SoFunction
Updated on 2024-10-30

Python Implementation of Jaccard Distance as well as Ring Algorithm Explained

preamble

NLP-string similarity computation, set similarity metrics

Tip: Below is the body of this post, with the following examples for reference

What is the Jaccard distance?

Jaccard Distance (Jaccard Distance) is a measure of the dissimilarity of two sets, which is the complement of the Jaccard similarity coefficient, defined as 1 minus the Jaccard similarity coefficient. And Jaccard similarity coefficient (Jaccard similarity coefficient), also known as Jaccard Index (Jaccard Index), is a measure of the similarity of two sets.

define

The Jaccard similarity index is used to measure the similarity between two sets, which is defined as the number of elements in the intersection of two sets divided by the number of elements in the concurrent set.

在这里插入图片描述

The Jaccard distance is used to measure the dissimilarity between two sets, which is the complement of Jaccard's similarity coefficient and is defined as 1 minus the Jaccard similarity coefficient.

在这里插入图片描述

Python implementation

The code is as follows:

# -*- encoding:utf-8 -*-
import jieba
def Jaccard(model, reference):  # terms_reference is the source sentence, terms_model is the candidate sentence
    terms_reference = (reference)  # Default precision mode
    terms_model = (model)
    grams_reference = set(terms_reference)  # De-emphasize; change to list if not needed
    grams_model = set(terms_model)
    temp = 0
    for i in grams_reference:
        if i in grams_model:
            temp = temp + 1
    fenmu = len(grams_model) + len(grams_reference) - temp  # And the concatenation
    try:
        jaccard_coefficient = float(temp / fenmu)  # Intersection
    except ZeroDivisionError:
        print(model, reference)
        return 0
    else:
        return jaccard_coefficient

What's the ring?

The rate of development of the ring is the ratio of the level of the reporting period to the level of the previous period, indicating the rate of development of the phenomenon from period to period.

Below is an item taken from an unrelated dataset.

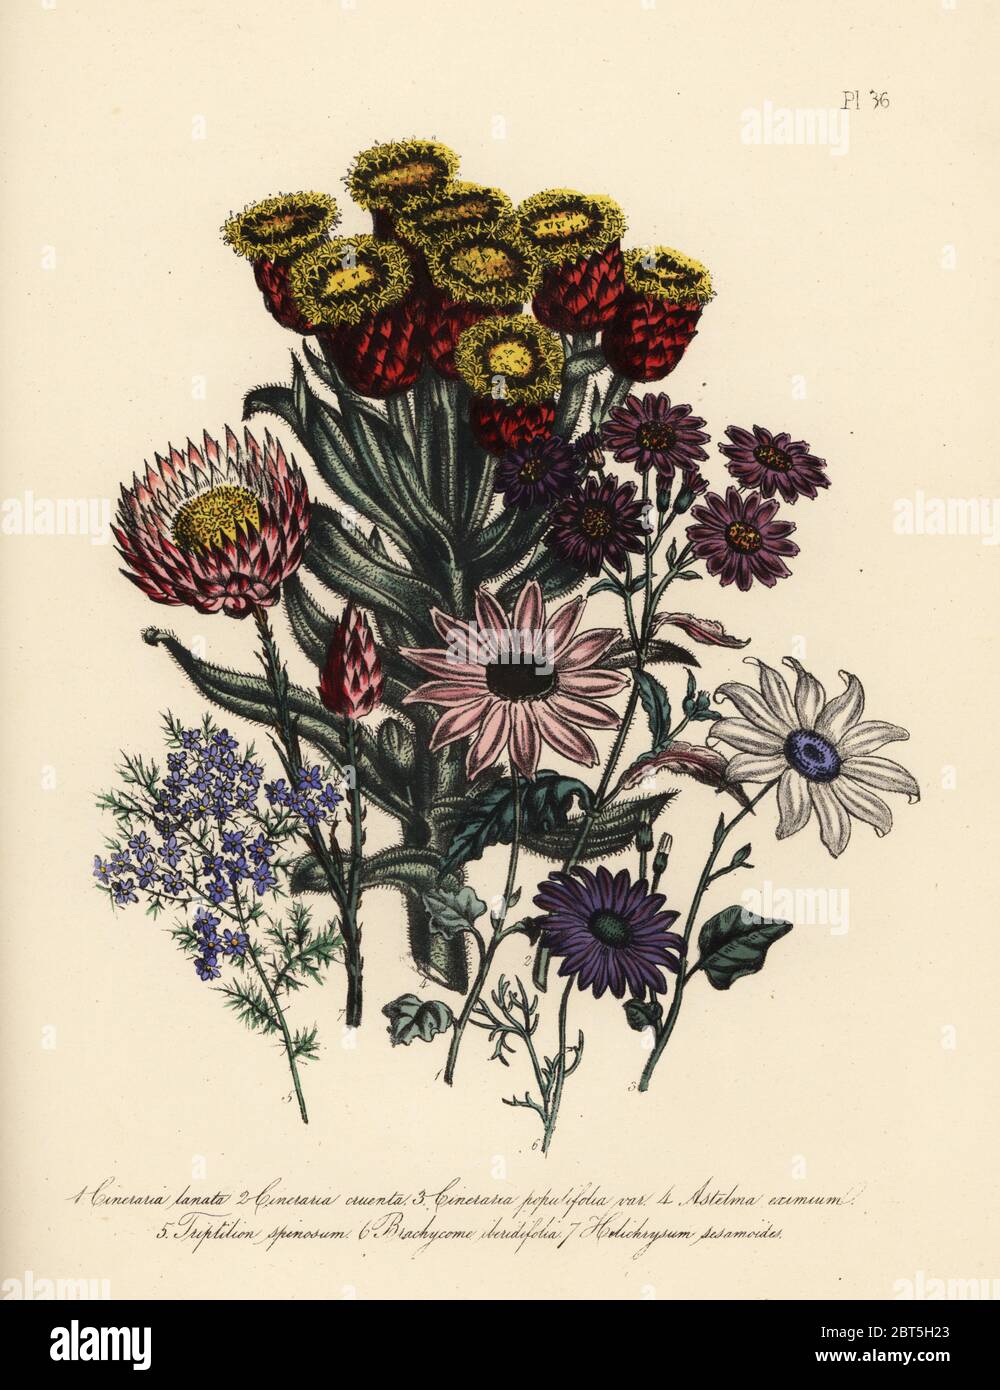 Woolly cineraria, Cineraria lanata, purple-leaved, Cineraria cruenta, poplar-leaved, Cineraria populifolia, great astelma, Astelma eximium, spiny triptilion, Triptilion spinosum, large swan daisy, Brachycome iberidifolia, and superb helichrysum, Helichrysum sesamoides. Handfinished chromolithograph by Henry Noel Humphreys after an illustration by Jane Loudon from Mrs. Jane Loudon's Ladies Flower Garden or Ornamental Greenhouse Plants, William S. Orr, London, 1849. Stock Photo
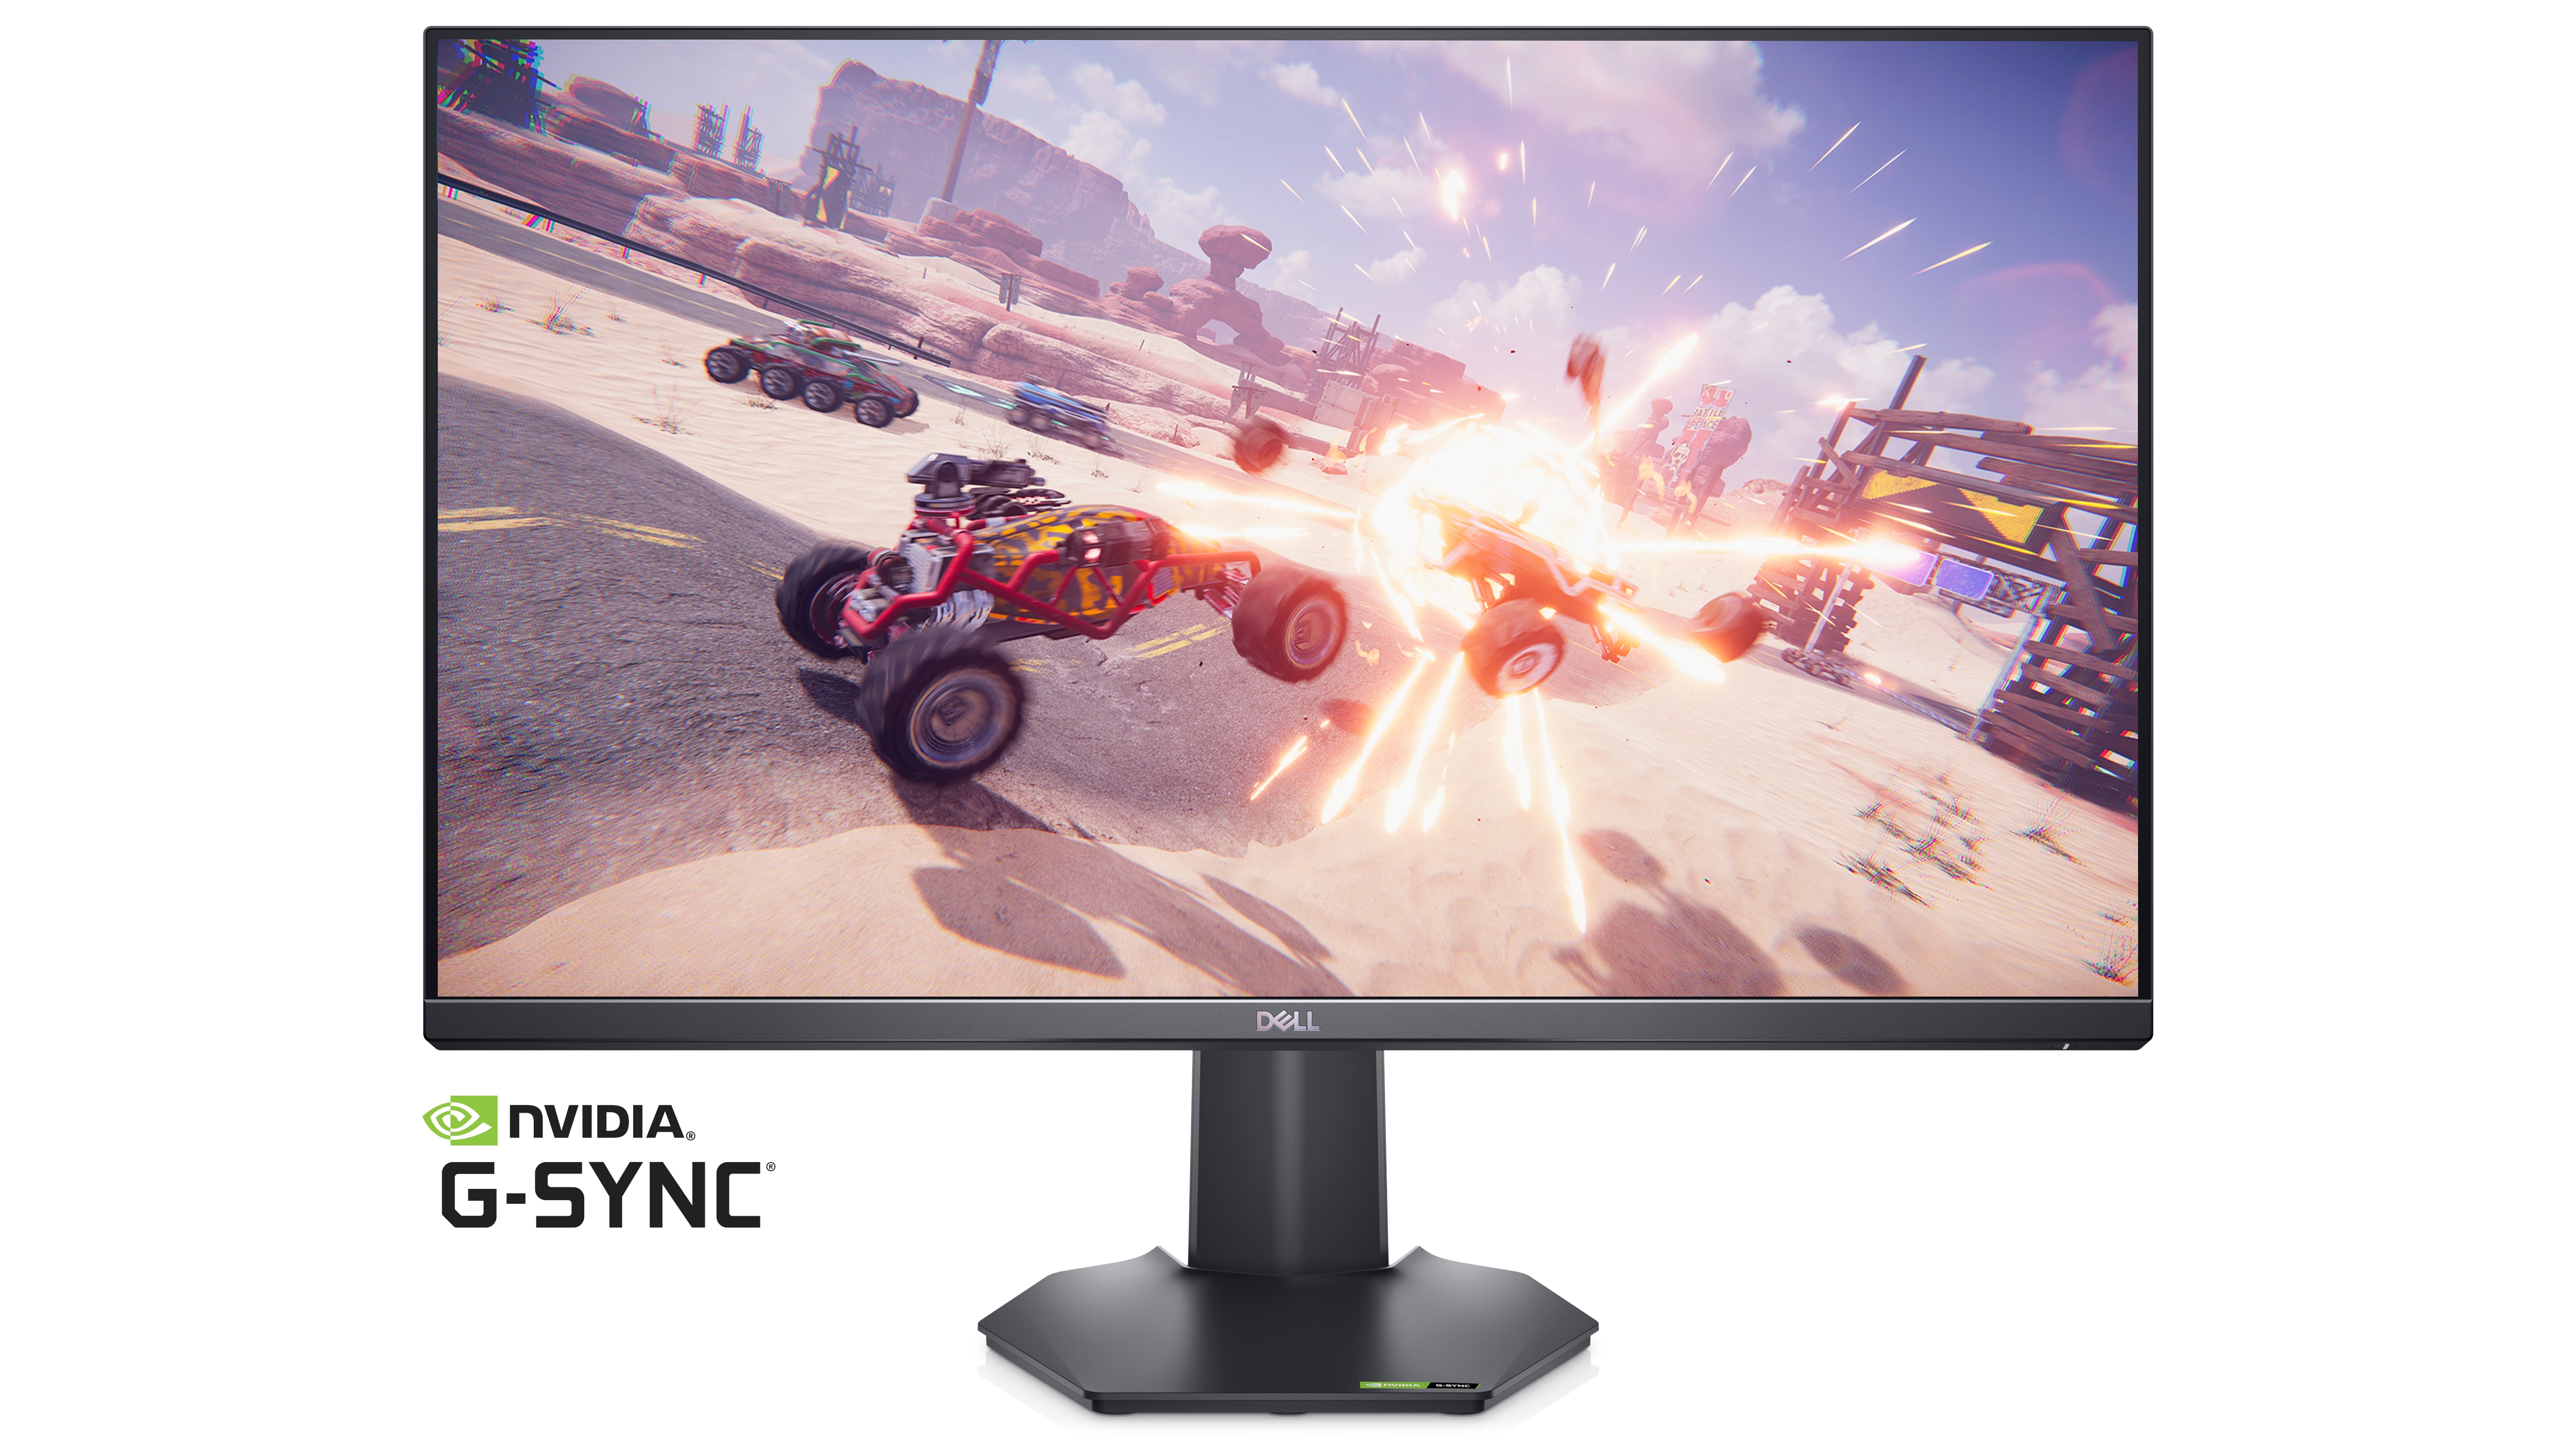 Picture of Dell G2722HS Gaming Monitor with a game image on the screen and a Nvidia G-Sync logo below the product.

If we calculate the comparison between each month of the year and the previous month, i.e. February compared to January, March compared to February, April compared to March ...... December compared to November, it shows the degree of development month by month. If you analyze the development trend of certain economic phenomena during the fight against SARS, the chain ratio is more illustrative than the year-on-year ratio.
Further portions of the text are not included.